Pending tasks queue

Hi Team,

Below os my cluster health and I am not able to ingest any logs into ES because as soon as Logstash consumer starts to use Auto bulk api of elasticsearch. Documents are not getting indexed and my pending tasks queue is piling up. I am not able to make my cluster stable.

curl localhost:9200/_cluster/health?pretty
{
  "cluster_name" : "galaxy",
  "status" : "yellow",
  "timed_out" : false,
  "number_of_nodes" : 10,
  "number_of_data_nodes" : 6,
  "active_primary_shards" : 33342,
  "active_shards" : 53879,
  "relocating_shards" : 0,
  "initializing_shards" : 4,
  "unassigned_shards" : 12801,
  "delayed_unassigned_shards" : 0,
  "number_of_pending_tasks" : 3334,
  "number_of_in_flight_fetch" : 0
}

pending tasks on my master

{"mon":{"what":"pending_tasks","queue_size":3490,"HIGH":3442,"NORMAL":44,"URGENT":4,"master":{"pri":"NORMAL","cnt":44,"avgT":3.30664e+06,"minT":2345897,"minInOrder":6060},"shard-started":{"pri":"URGENT","cnt":4,"avgT":13820.5,"minT":13687,"minInOrder":10473},"_add_listener_":{"pri":"HIGH","cnt":9,"avgT":3.7101e+06,"minT":2583947,"minInOrder":6077},"refresh-mapping":{"pri":"HIGH","cnt":3432,"avgT":1.89575e+06,"minT":174,"minInOrder":10001},"cluster_reroute":{"pri":"HIGH","cnt":1,"avgT":3859580,"minT":3859580,"minInOrder":6035}}}

Can you please help me to get my cluster stable.

What version of Elasticsearch is this? 1.x?

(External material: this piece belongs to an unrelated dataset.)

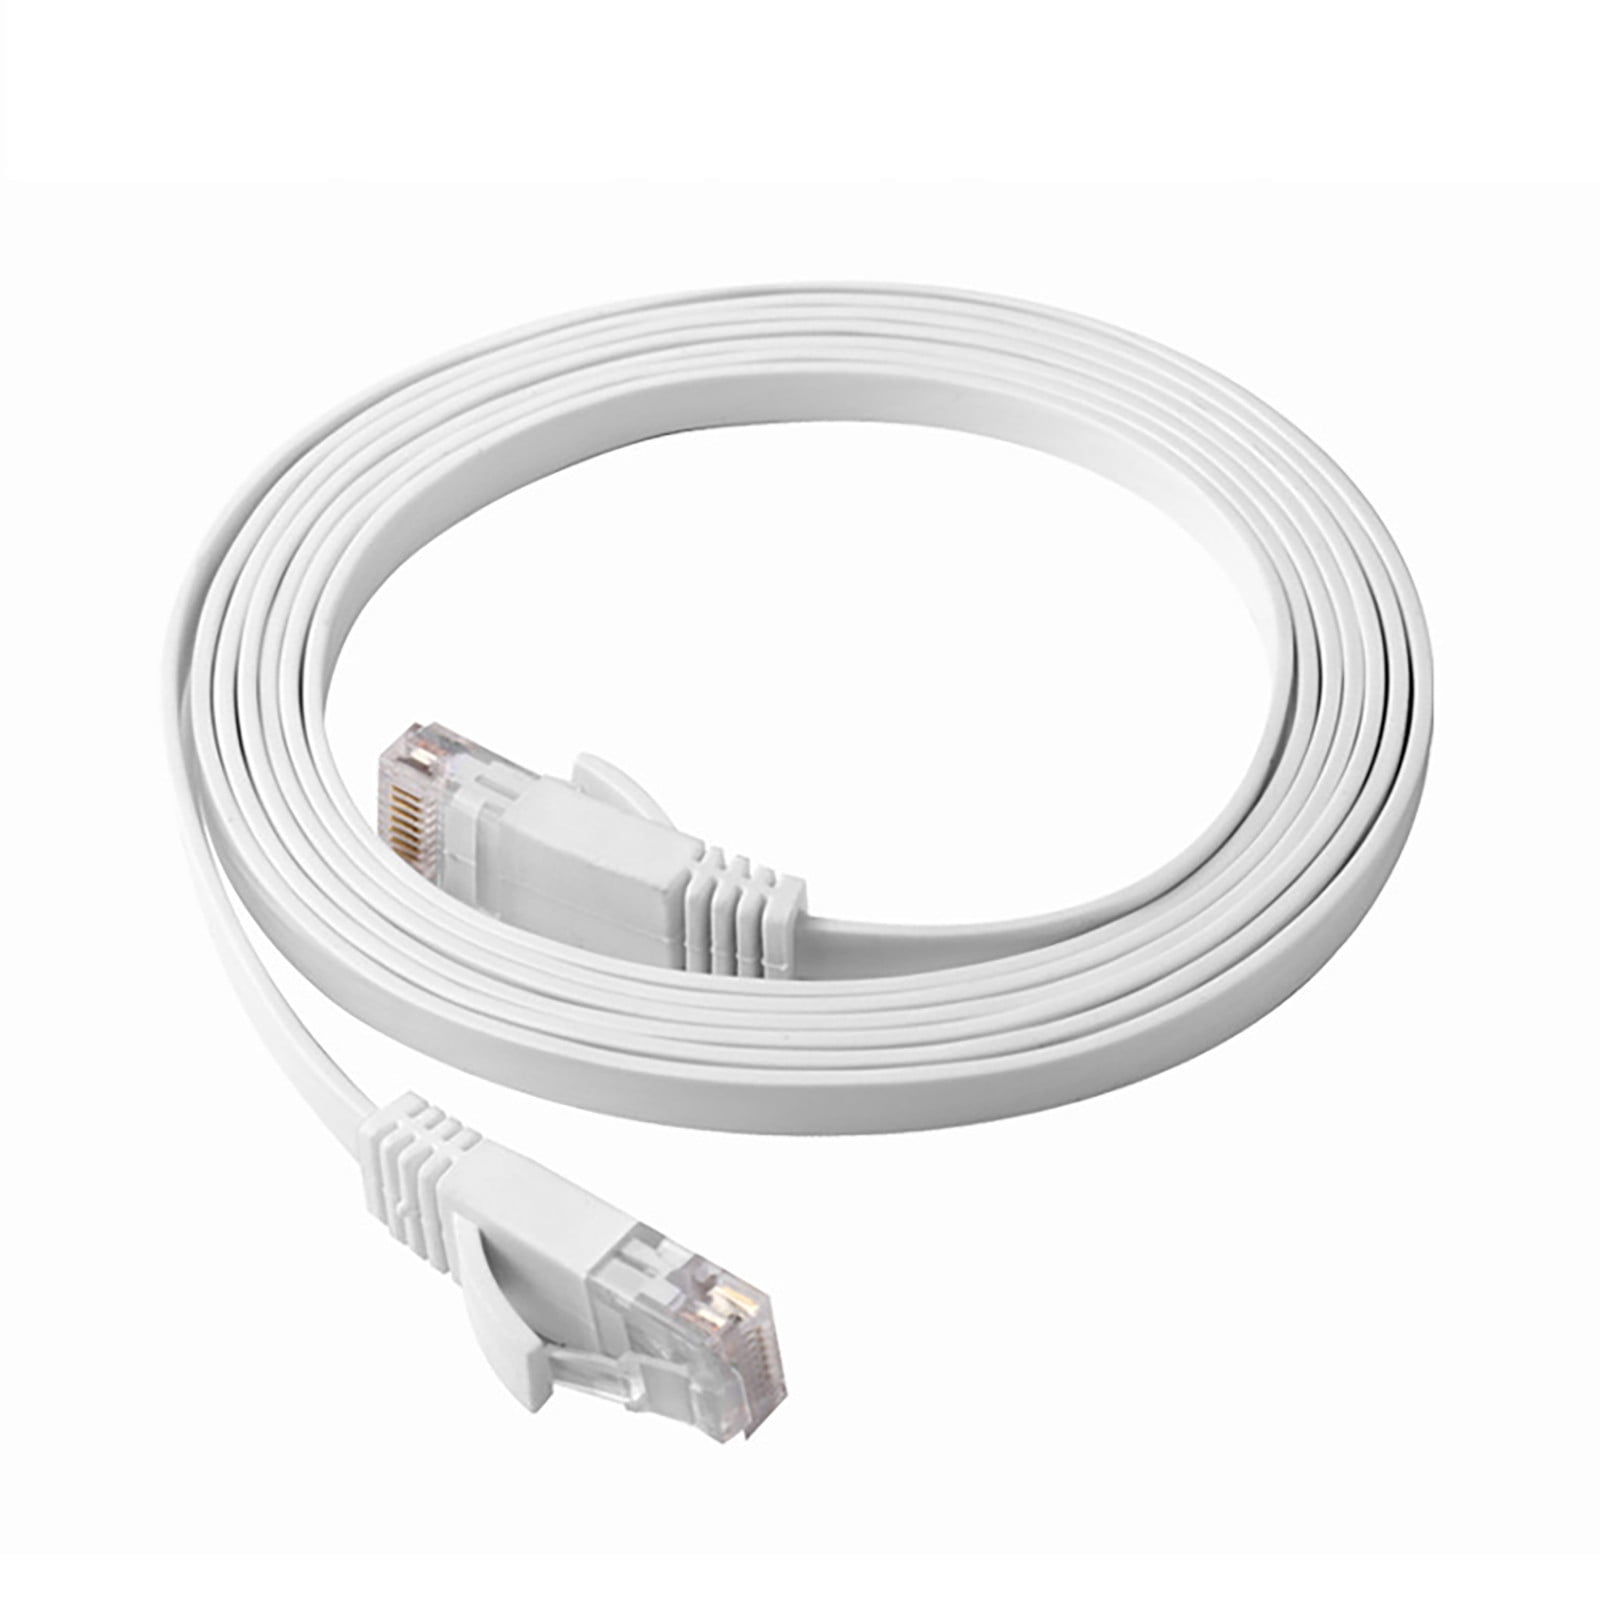 Length Cable CAT6-3 CAT6 Flat Ethernet Unshielded Gigabit RJ45 Network LAN Cable 20m,Ethernet cable Network

If so the answer is simple: upgrade to 2.x. You have a ton shards in the cluster. In 2.0 Elasticsearch learned how to send the cluster state updates out by diff-ing the new and old cluster state. Before that it sent the whole cluster state out after every action.

Reducing the number of shards will certainly help. Things like creating new indexes with fewer shards and deleting old indexes are the way to go for this.

Nik's being nice :wink:
You have a ridiculously massive amount of shards, and that is the cause of the problem. Upgrade as he mentions, reduce your shard count too.

Thanks @warkolm @nik9000 I have been doing cleaning activity since past 2 days and old indices are almost cleared.

I am using "version" : {
"number" : "1.7.2" }

My current cluster state is:--

{
"cluster_name" : "galaxy",
"status" : "yellow",
"timed_out" : false,
"number_of_nodes" : 50,
"number_of_data_nodes" : 6,
"active_primary_shards" : 9352,
"active_shards" : 17151,
"relocating_shards" : 0,
"initializing_shards" : 0,
"unassigned_shards" : 1553,
"delayed_unassigned_shards" : 0,
"number_of_pending_tasks" : 1,
"number_of_in_flight_fetch" : 0
}

Are the shards fine now. I will also upgrade my version to 2.x but this will introduce bump of my logstash version too.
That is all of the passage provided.